New clinical data of USGI Medical’s Incisionless Operating Platform demonstrated that surgeons can use Incisionless Operating Platform to durably reduce the size of the stomach pouch and stoma in Roux-en-Y Gastric Bypass (RYGB) patients who are regaining weight.
Clinical results from 116 patients presented at American Society of Metabolic and Bariatric Surgeons (ASMBS) Annual Meeting near Dallas, University of California, San Diego (UCSD) Medical Center surgeon Santiago Horgan, M.D. on Friday, June 26.

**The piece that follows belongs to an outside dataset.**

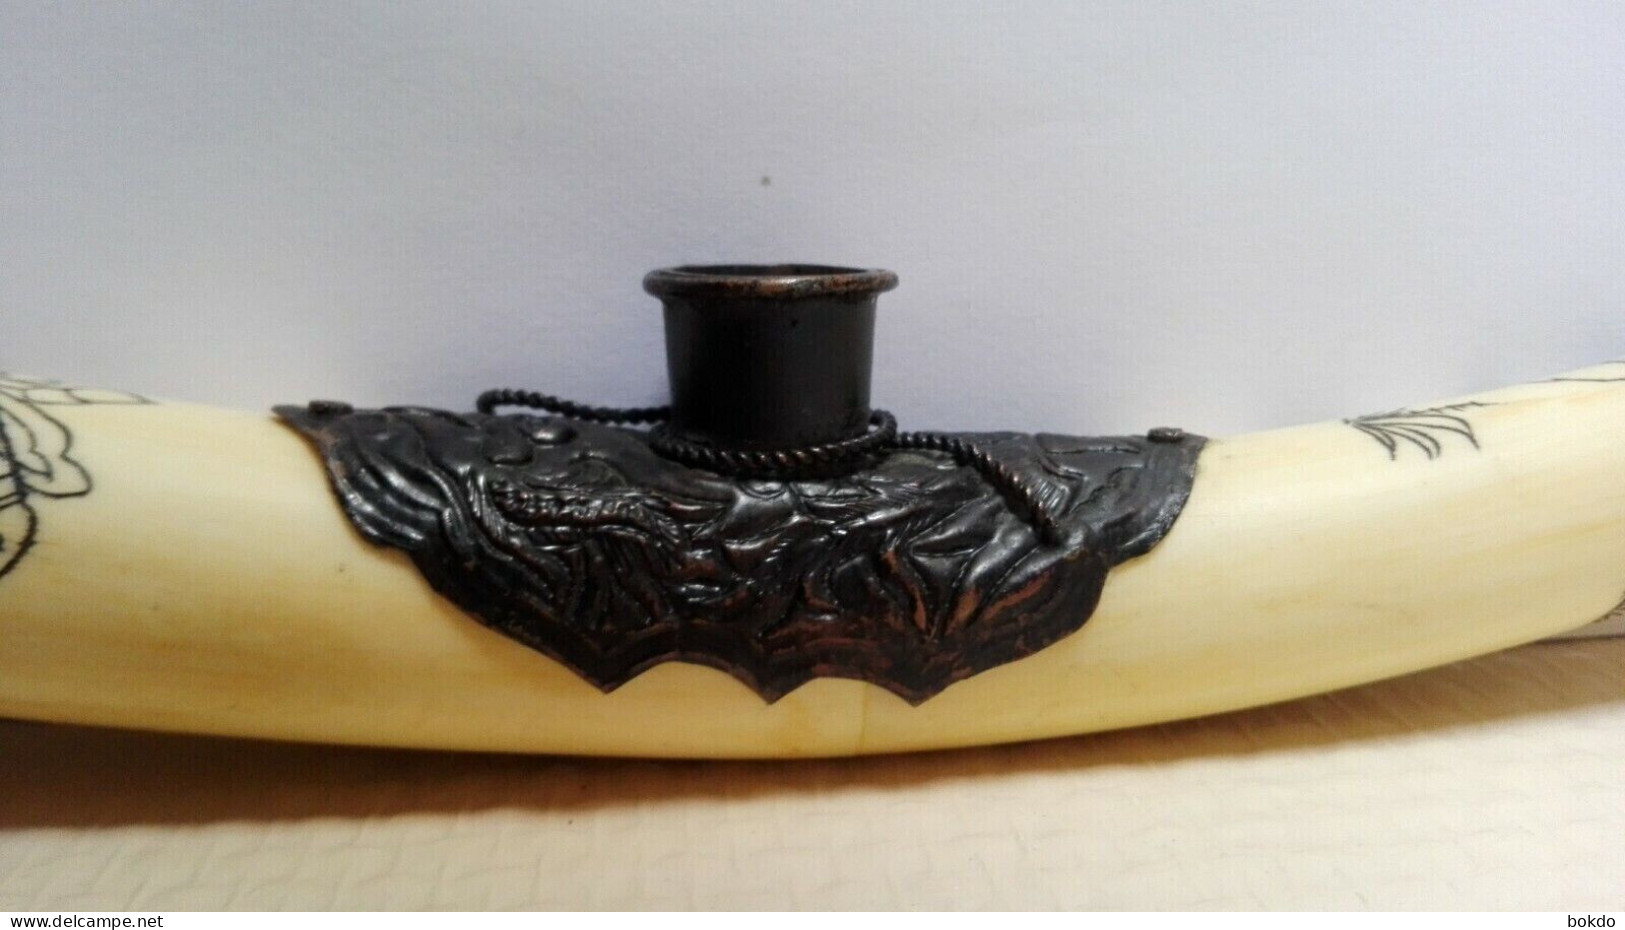 Très jolie ancienne pipe - asiatique - joliment travaillé - 32 cm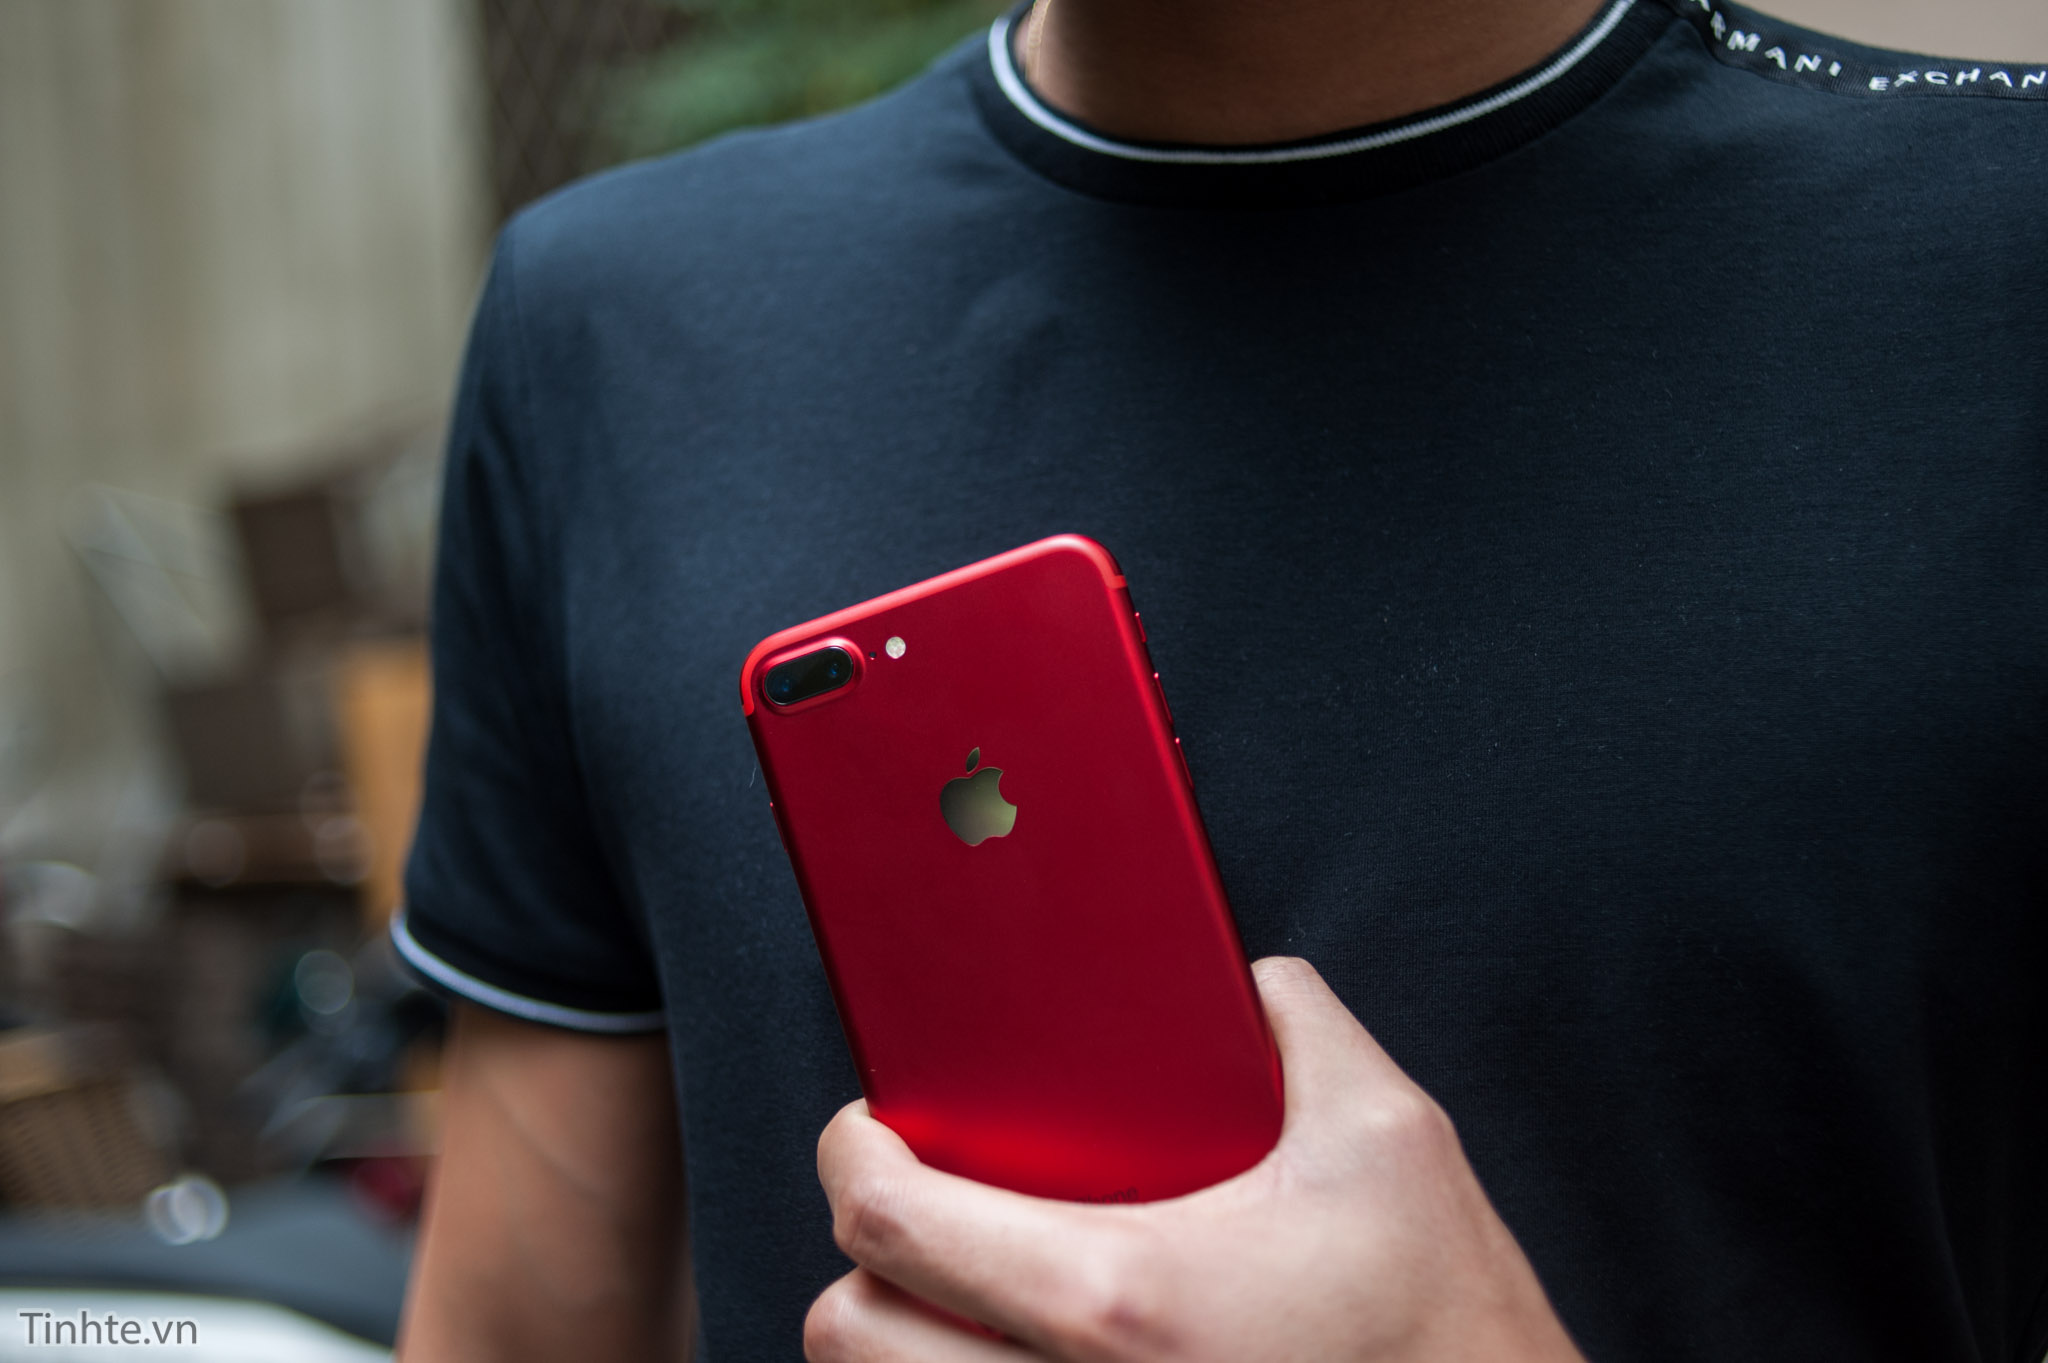 Trên tay iPhone 7 Plus RED: đỏ nhung đẹp và lạ, nhám như matte black

We believe this is the first data to confirm 12-month durability for gastric folds created without incisions, said Dr. Horgan, director of UCSD’s Center for the Future of Surgery and Center for the Treatment of Obesity. Invasive procedures to restore the anatomy to the original post-surgery proportions are too complicated for many patients. Surgeons have tried to perform restorative procedures through the mouth using other types of endoscopic instruments, however GI tissue is extremely resistant to change and it’s been difficult to show long-term durability of procedures utilizing endoscopic sutures or staples. USGI’s Expandable Tissue Anchors have allowed us to achieve a desired amount of durable reduction in the pouch and stoma size without any significant adverse events, filling a significant unmet medical need in this patient population.
Surgeons used USGI’s IOP in Restorative Obesity Surgery, Endolumenally (ROSE) to grasp tissue and deploy Expandable Tissue Anchors to create multiple, circumferential tissue folds around the stoma and inside the pouch. The endoscope provides visualization and procedure is performed entirely through the patient’s mouth.
Surgeons were able to place tissue folds in 112 of 116 (97%) patients. On average, surgeons placed six Expandable Tissue Anchor pairs in each of these 112 patients and reduced their mean stoma diameter by 50% and pouch length by 44%.
Twelve-month post-op endoscopies performed on 19 patients by Dr. Horgan confirmed the durability of the procedure. There were no significant complications associated with the procedure and most patients’ reported no or minimal pain.